__PROBLEM STATEMENT__. Set the data below down again, exactly, with every picture left out.
++++++
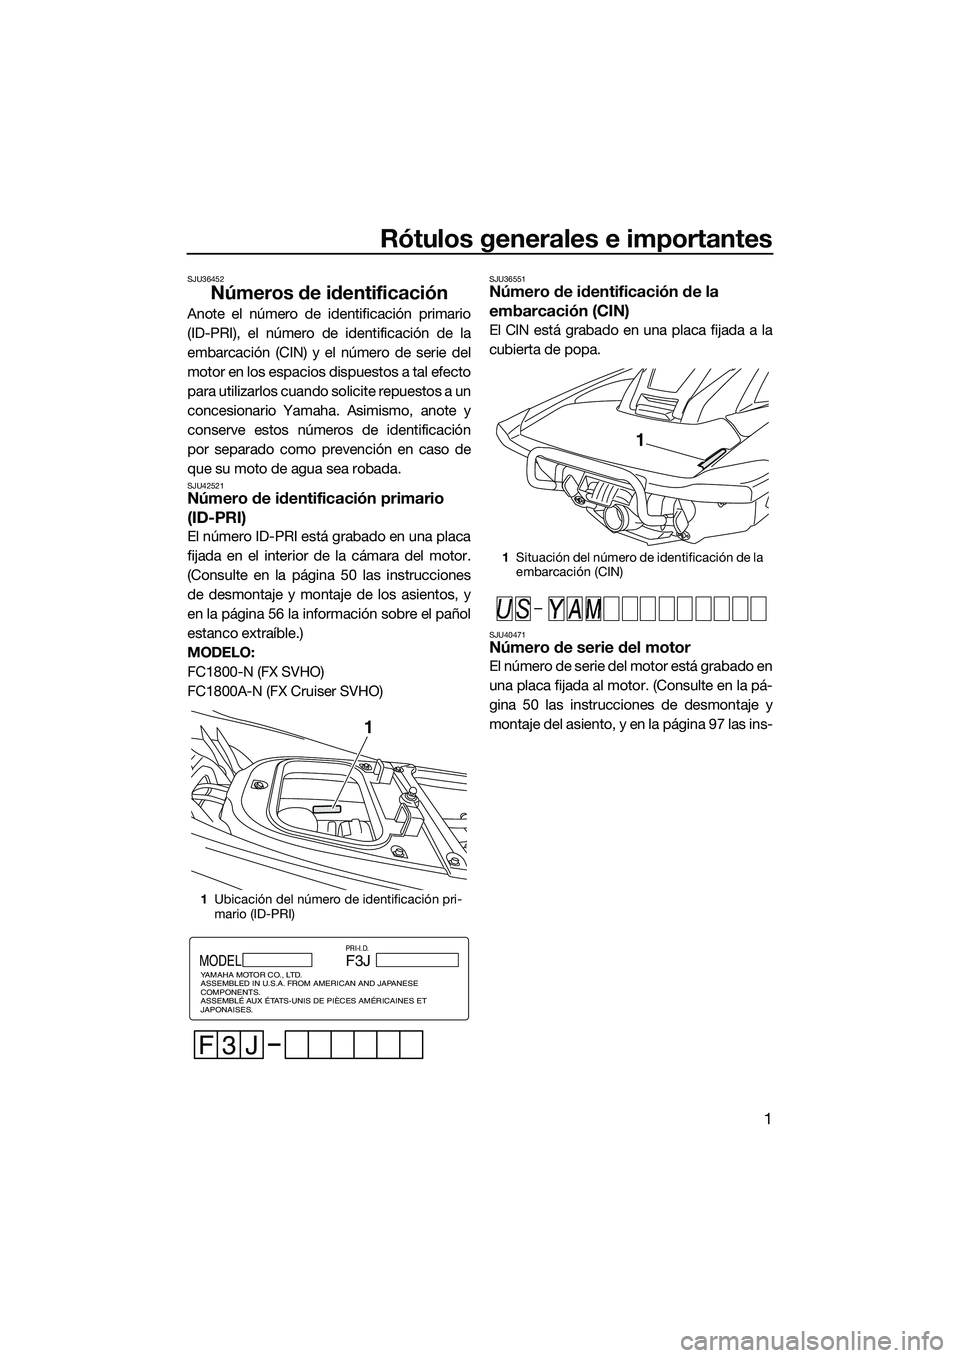 YAMAHA FX SVHO 2014  Manuale de Empleo (in Spanish) Rótulos generales e importantes
1
SJU36452
Números de identificación
Anote el número de identificación primario
(ID-PRI), el número de identificación de la
embarcación (CIN) y el número de se
++++++
__EXERCISE ANSWER__.
 YAMAHA FX SVHO 2014  Manuale de Empleo (in Spanish) Rótulos generales e importantes
1
SJU36452
Números de identificación
Anote el número de identificación primario
(ID-PRI), el número de identificación de la
embarcación (CIN) y el número de se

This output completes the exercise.